Hugh Smith
Mary
(Bef 1632-)
Caleb Burbank
(1646-1690)
Martha Smith
(1648-)
Samuel Burbank
(1684-Cir 1747)

 

Family Links

Spouses/Children:
1. Lydia Bartlett

Samuel Burbank

  • Born: 15 Jul 1684, Rowley, Essex County, Massachusetts
  • Marriage (1): Lydia Bartlett circa 1708 in Byfield, MA
  • Died: Cir 1747 about age 63

  General Notes:

research of Ronald Colby

Research of John Burbank <jbrbnk@wcvt.com> via e-mail May 2006:
He lived for several years in Haverhill MA then moved to Hopkinton NH (formerly "Number 5").
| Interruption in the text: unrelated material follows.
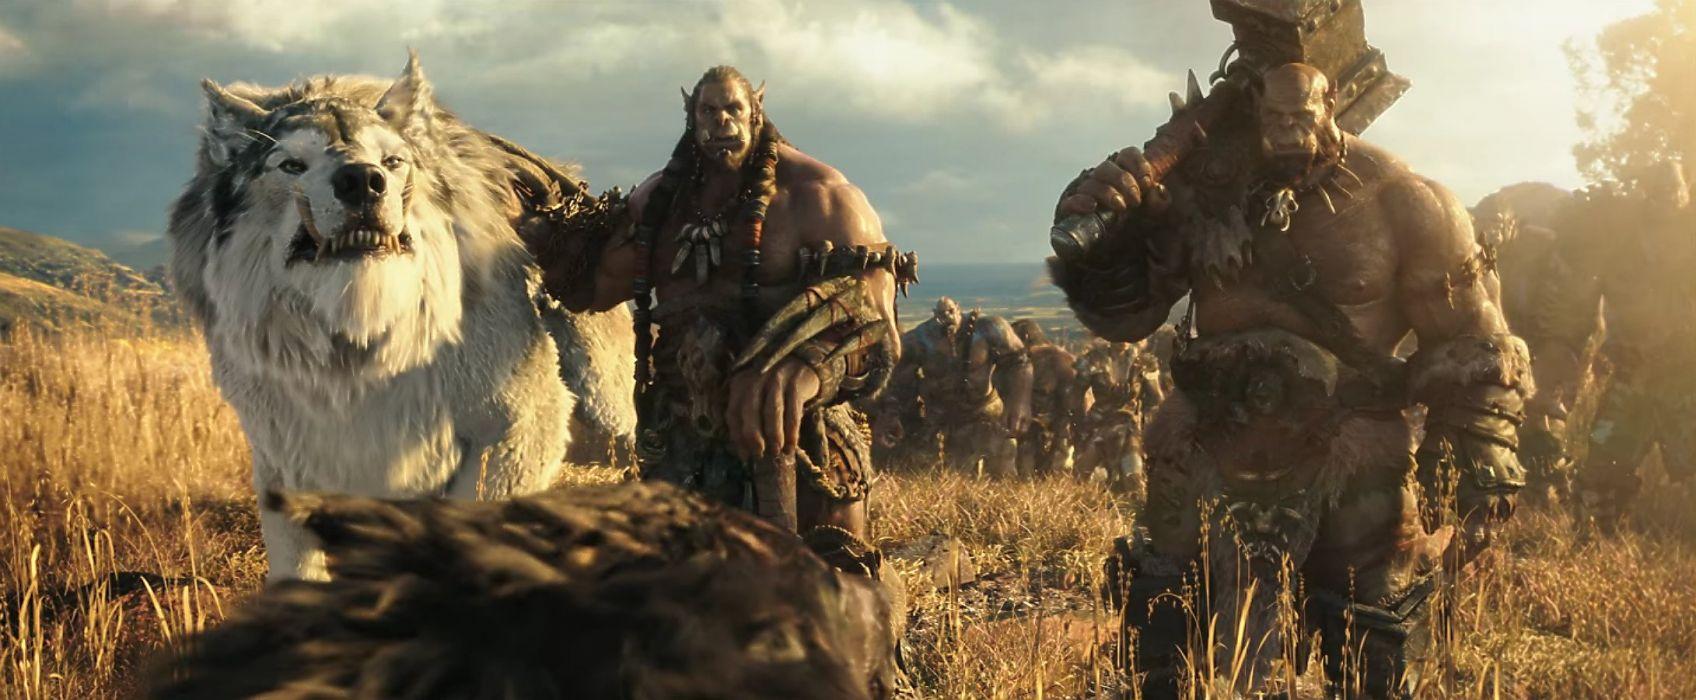 WARCRAFT Beginning fantasy action fighting warrior adventure world 1wcraft monster creature ogre wolf wolves wallpaper
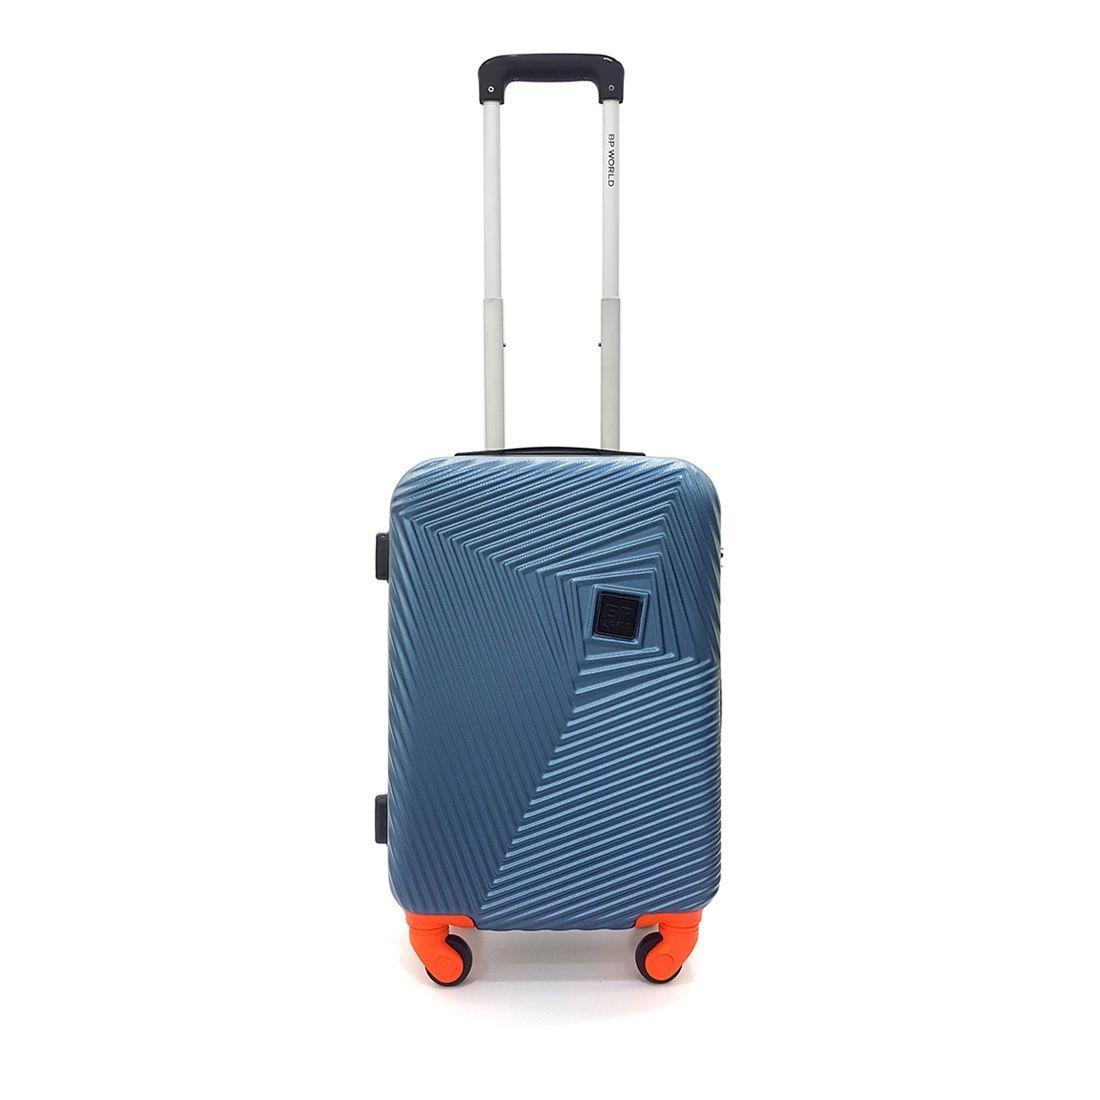 BP WORLD กระเป๋าเดินทาง 20 นิ้ว รุ่น 121 (สีฟ้า)

In his will he states he was "of Number 5 so-called." Because he was captured by Indians and in a Quebec prison, he made a will in March 1747 in which he mentions his wife, sons Samuel, Caleb and Jonathan, and daughters Mehitable, Mary, and Sarah. He gave his land to Jonathan which was to return to Caleb if Jonathan "should not live to return home again." Jonathan had also been captured in the Indian raid. The History of Penacook, NH lists Samuel on the petition for the incorporation of the town in 1721, it being a petition from inhabitants of Essex County MA. He is also listed as a charter member of the First Church of Rumford (Concord NH) and Lydia joined the same year (1730); most of these original members came from Andover MA with one from Bradford MA and one from Newbury MA but Samuel's previous residence is not given. In quoting another source, Sedgley states, "It is supposed that this Samuel moved to Hopkinton."
Sedgley indicates that there are several accounts of the Indian capture and he quotes one without naming the source:
"On the early morning of Apr 22, 1746, eight persons were captured by the Indians at Woodwell's garrison, Samuel Burbank and his sons Caleb and Jonathan, among them. In the early morning, a man had gone from the garrison to the stockade, leaving the garrison door open; the Indians, who had been lurking near, entered and surprised the occupants. A soldier escaped; Mrs. Burbank, wife of Samuel Burbank, sprang into the cellar and concealed herself under a barrel which stood on its end. The Indians were of the St. Francis tribe, with headquarters near the Canada line. They intended to hold their victims for ransoms, or to sell them to the French, who held them for the same object. The captives were aroused from their beds and hurried to Canada and after a twelve days march through an almost unbroken wilderness, with only one meal a day at evening, mostly meat, of which there was a scanty supply, they arrived at their destination. Jonathan was left with an Indian family, but made his escape shortly afterwards. Caleb was left in a French family, and was released by funds that were raised at Chelmsford, Feb. 5, 1749. Jonathan, and others, making the appeal. Jonathan at that time was living at Penacook, N. H.; he afterwards became an officer in the French and Indian war and was killed by the Indians, who supposed him to be their avowed enemy."
Drake, in Indian Captives, (pp. 140, 142) states that it was Samuel Burbank who went out of the garrison in the morning and left the door unlatched; the Indians first caught him as he was caring for the animals in the barn, and from him learned of the weakness of the garrison.
Not many of his descendants have been traced out. No doubt he was the ancestor of many Burbank's now living in New Hampshire and elsewhere, as he had six sons. The births of his first four children are recorded at Haverhill, and also dates of the baptism of five of the younger children--the latter dates were probably sent in after he removed to New Hampshire. [1928 Genealogy of the Burbank Family, et. al, by George Burbank Sedgley]
d. between when will was made 23 Mar 1747 and proved 27 Jan 1748


Samuel married Lydia Bartlett, daughter of Christopher Bartlett and Sarah Weed, circa 1708 in Byfield, MA. (Lydia Bartlett was born on 19 Apr 1688 in Haverhill, Essex County, Massachusetts and died on 11 Mar 1776 in Hopkinton, Merrimack County, New Hampshire.)